Price et al.                                                  [PAGE 1]

INTERNET-DRAFT         EPIC Decompressor Tokens      21 November, 2001

Table of contents

   1.  Introduction.................................................2
   2.  Terminology..................................................3
   3.  Overview of BNF..............................................3
   4.  Overview of EPIC.............................................4
   5.  Converting ABNF into universal decompressor tokens...........5
   5.1.  ABNF "and" rule............................................7
   5.2.  ABNF "or" rule.............................................7
   5.3.  ABNF "text" rule...........................................8
   5.4.  ABNF "optional" rule.......................................8
   5.5.  ABNF "list" rule...........................................8
   6.  Worked example for a simple BNF description..................9
   7.  Further enhancements.........................................11
   7.1.  Huffman encoding...........................................11
   7.2.  Additional BNF rules.......................................12
   7.3.  Dynamic compression........................................12
   7.4.  Generic compression........................................12
   8.  Security Considerations......................................13
   9.  Acknowledgements.............................................13
   10.  Intellectual Property Considerations........................13
   11. References...................................................13
   12. Authors' Addresses...........................................14

1.  Introduction

   This draft describes a set of tokens for the Universal Decompression
   Algorithm [UNIDEC]. These tokens configure the universal decompressor
   to understand compressed messages generated by the Efficient Protocol
   Independent Compression [EPIC] scheme.

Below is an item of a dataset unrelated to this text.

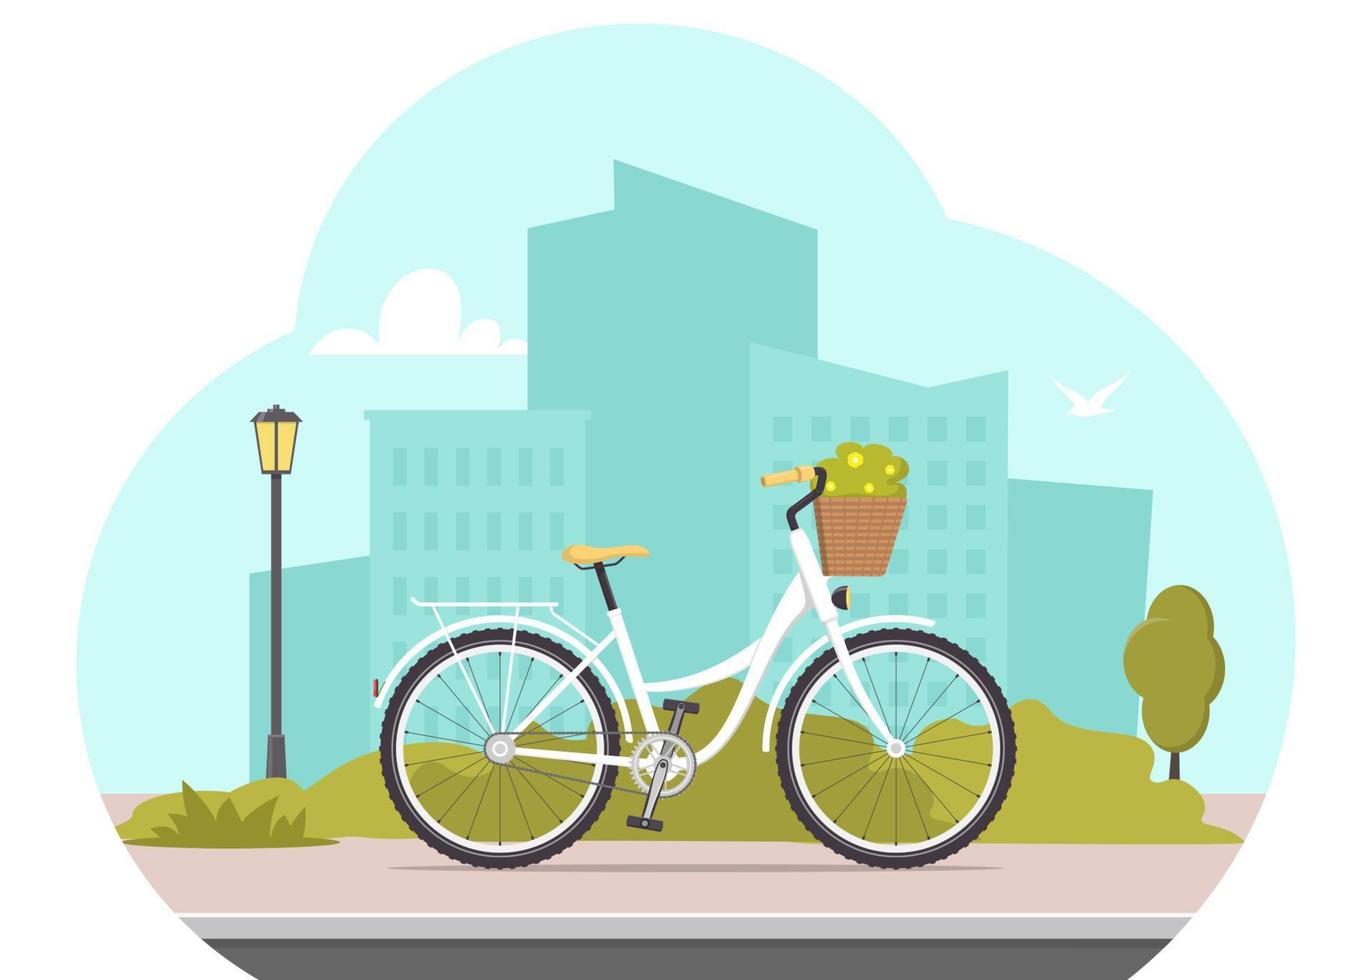 linda bicicleta en el fondo de la silueta de la ciudad. ilustración del concepto de bicicleta para aplicación o sitio web. transporte moderno. ilustración vectorial de estilo plano. vector

   The EPIC scheme is designed to provide efficient compression of
   arbitrary protocol stacks. EPIC takes as its input a BNF (Backus Naur
   Form) description of the protocol to be compressed, which is stored
   at the compressor and decompressor and used as part of the
   compression process. Since EPIC is pre-programmed with knowledge of
   how the protocols behave, the compression ratio obtained is very high
   and the processing and memory requirements are low.

Price et al.                                                  [PAGE 2]

INTERNET-DRAFT         EPIC Decompressor Tokens      21 November, 2001

2.  Terminology

   The key words "MUST", "MUST NOT", "REQUIRED", "SHALL", "SHALL NOT",
   document are to be interpreted as described in [RFC-2119].

3.  Overview of BNF

   The basic idea of EPIC is to provide a BNF (Backus Naur Form)
   description of the relevant protocol stack at the compressor and
   decompressor. BNF is a "metasyntax" commonly used to describe the
   syntax of protocols and languages. An example BNF description taken
   from [SIP] is given below:

   host           =     <IPv4address> | <hostname>

   IPv4address    =     1*<digit> "." 1*<digit> "." 1*<digit> "."

   hostname       =     *(<domainlabel> "." ) <toplabel> [ "." ]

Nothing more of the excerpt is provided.